Corbett touts lottery deal; AG review up next
HERSHEY – The state budget plan Gov. Tom Corbett will present to lawmakers next month will call for an additional $50 million to improve programs for senior citizens, the governor said Thursday.
Corbett said the money will come from an increase in Pennsylvania Lottery revenue that he expects to result from a British company’s takeover of lottery management – a move the Republican governor said is designed to help state programs and services keep up with a growing elderly population.
“The lottery needs to expand. It needs to grow. It needs to appeal to more people. And it needs to use the efficiencies and the enterprise unique to the private sector,” Corbett said at a news conference at the Mohler senior center in Hershey.
More than $40 million of the additional money Corbett plans to seek in his 2013-14 budget plan would be used to provide in-home and other services to an additional 6,900 Pennsylvanians over 60. About $5 million is earmarked for area agencies on aging and $2 million for the modernization of senior centers.
M. Crystal Lowe, director of the Pennsylvania Association of Area Agencies on Aging, said she welcomes the prospect of relief from financial pressures that have forced 10 percent of the state’s senior centers to close in recent years.
“We’ve been trying to do more and more with less and less but, you know, the need has far outstripped the resources that we have,” she said.
Corbett said Pennsylvania’s 2.7 million senior citizens make up the fourth-largest senior population among the states. By 2030, one-quarter of the state’s population will be over 60, he said.
“That’s nearly 1 million more seniors who will be eligible for the services that the lottery funds provide,” he said.
Corbett’s administration has finalized a 20-year contract with British lottery operator Camelot Global Services to manage the state-owned lottery. The attorney general’s office received the paperwork Wednesday and has 30 days to review its form and legality.
Still, Camelot now has the right to begin its work, including observing lottery practices, administration officials say. The move makes Pennsylvania just the third state – behind Illinois and Indiana – to privatize its lottery management.
Other legal challenges are pending.
The union that represents lottery employees has sued to block the contract, in addition to filing a grievance and an unfair labor practice charge against the Corbett administration. Also, state Treasurer Rob McCord has threatened not to pay Camelot until he is satisfied that its plans to expand gambling are legal.
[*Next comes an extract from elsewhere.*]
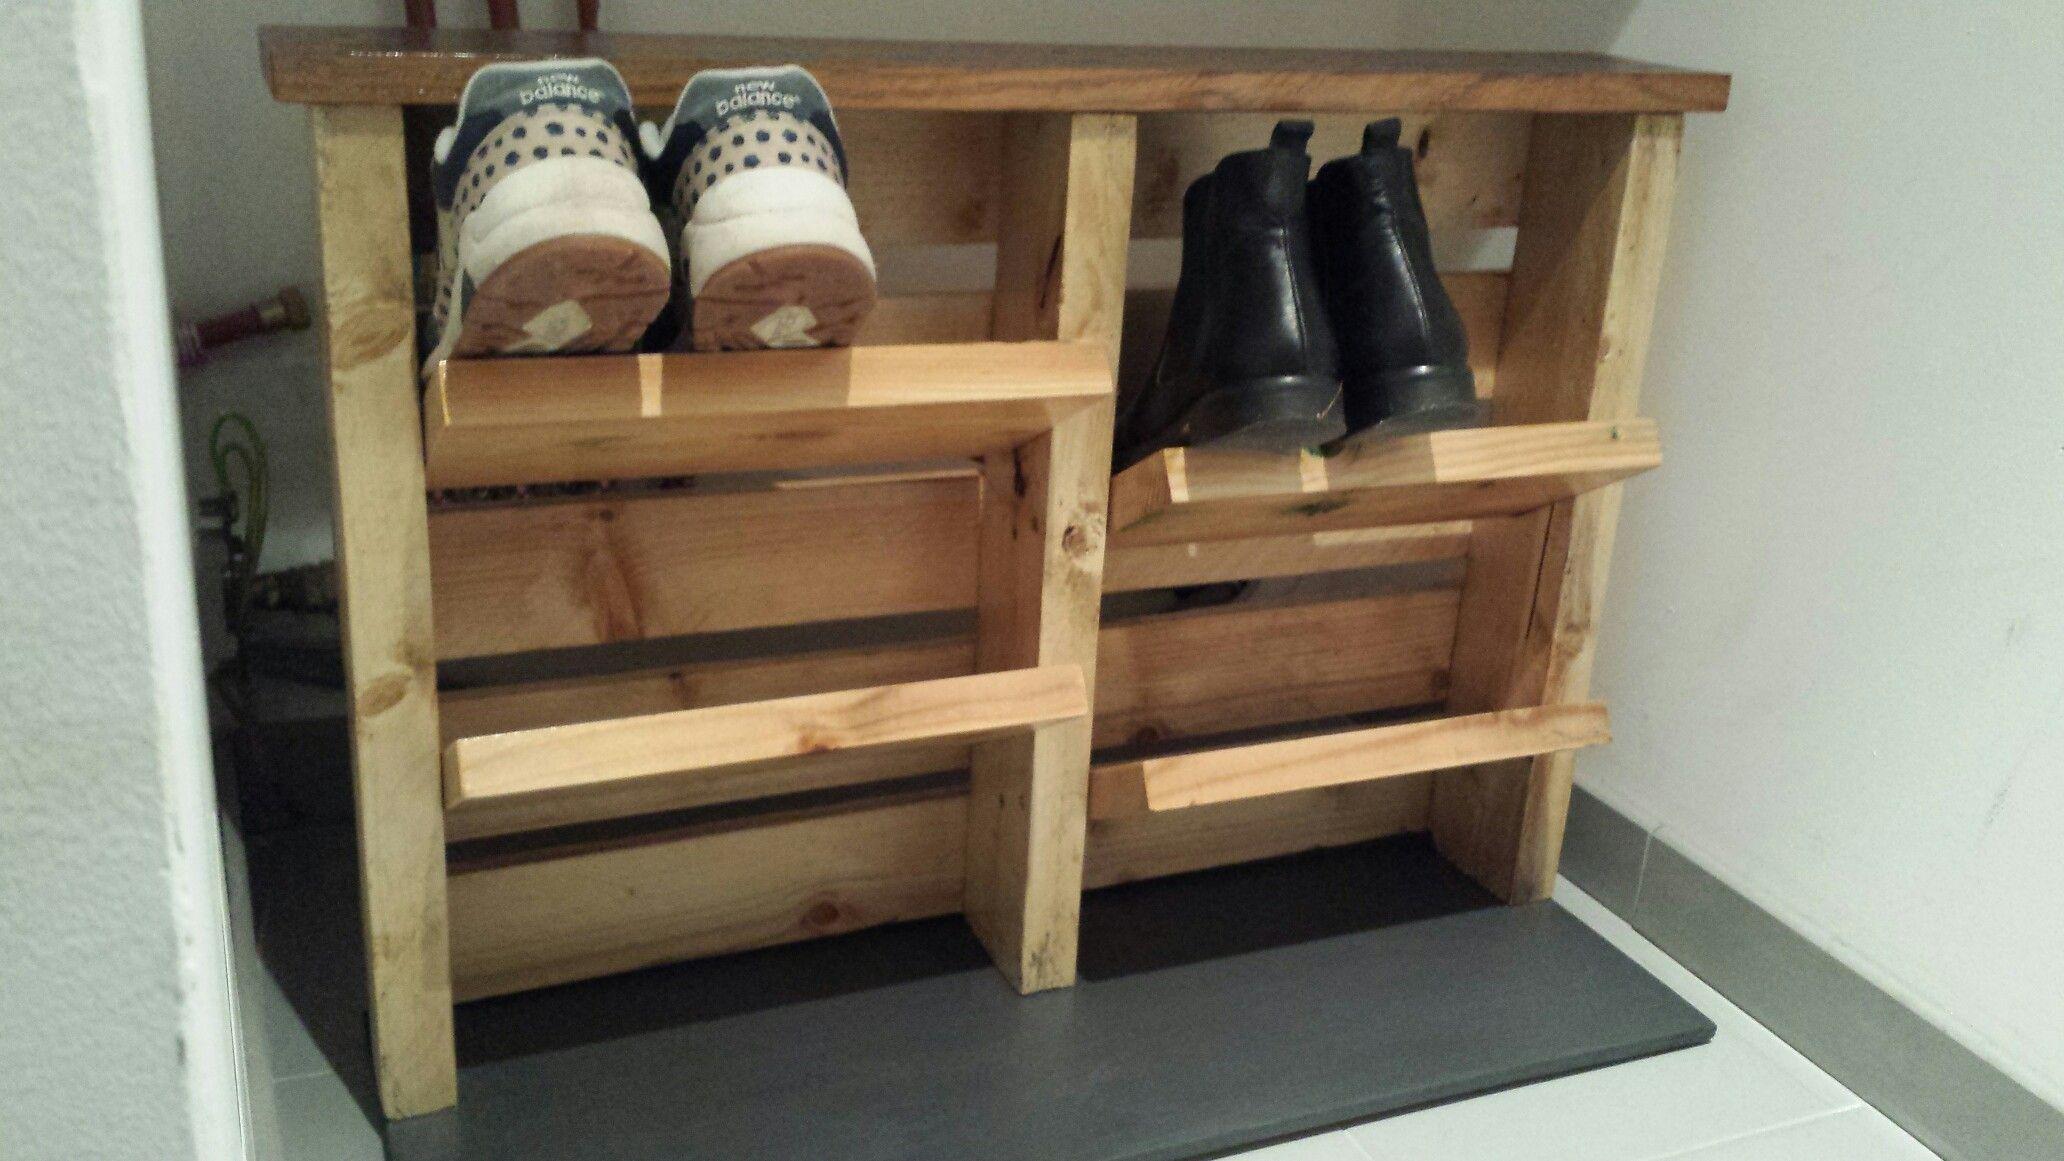 Idee Meuble A Chaussures Avec Structure En Bois De Palette Etageres De Plancher Et Fond En Contreplaqu Palette Bois Meuble Chaussure Meuble Chaussures Palette

Camelot is obligated to generate profits of at least $34.6 billion over the life of the contract – $3 billion to $4.5 billion more than the lottery could be expected to achieve under state management, the Corbett administration said. The company hopes to achieve that benchmark by expanding the scope of lottery games and attracting more players, particularly higher-income earners.
The lottery employees’ union disputes that contention.
Camelot’s 20-year contract can be extended to 30 years if the company reaches certain performance benchmarks. It will charge a management fee worth hundreds of millions of dollars over the life of the deal and receive cash incentives for exceeding its annual profit commitments. Those incentives are capped at 5 percent of profits.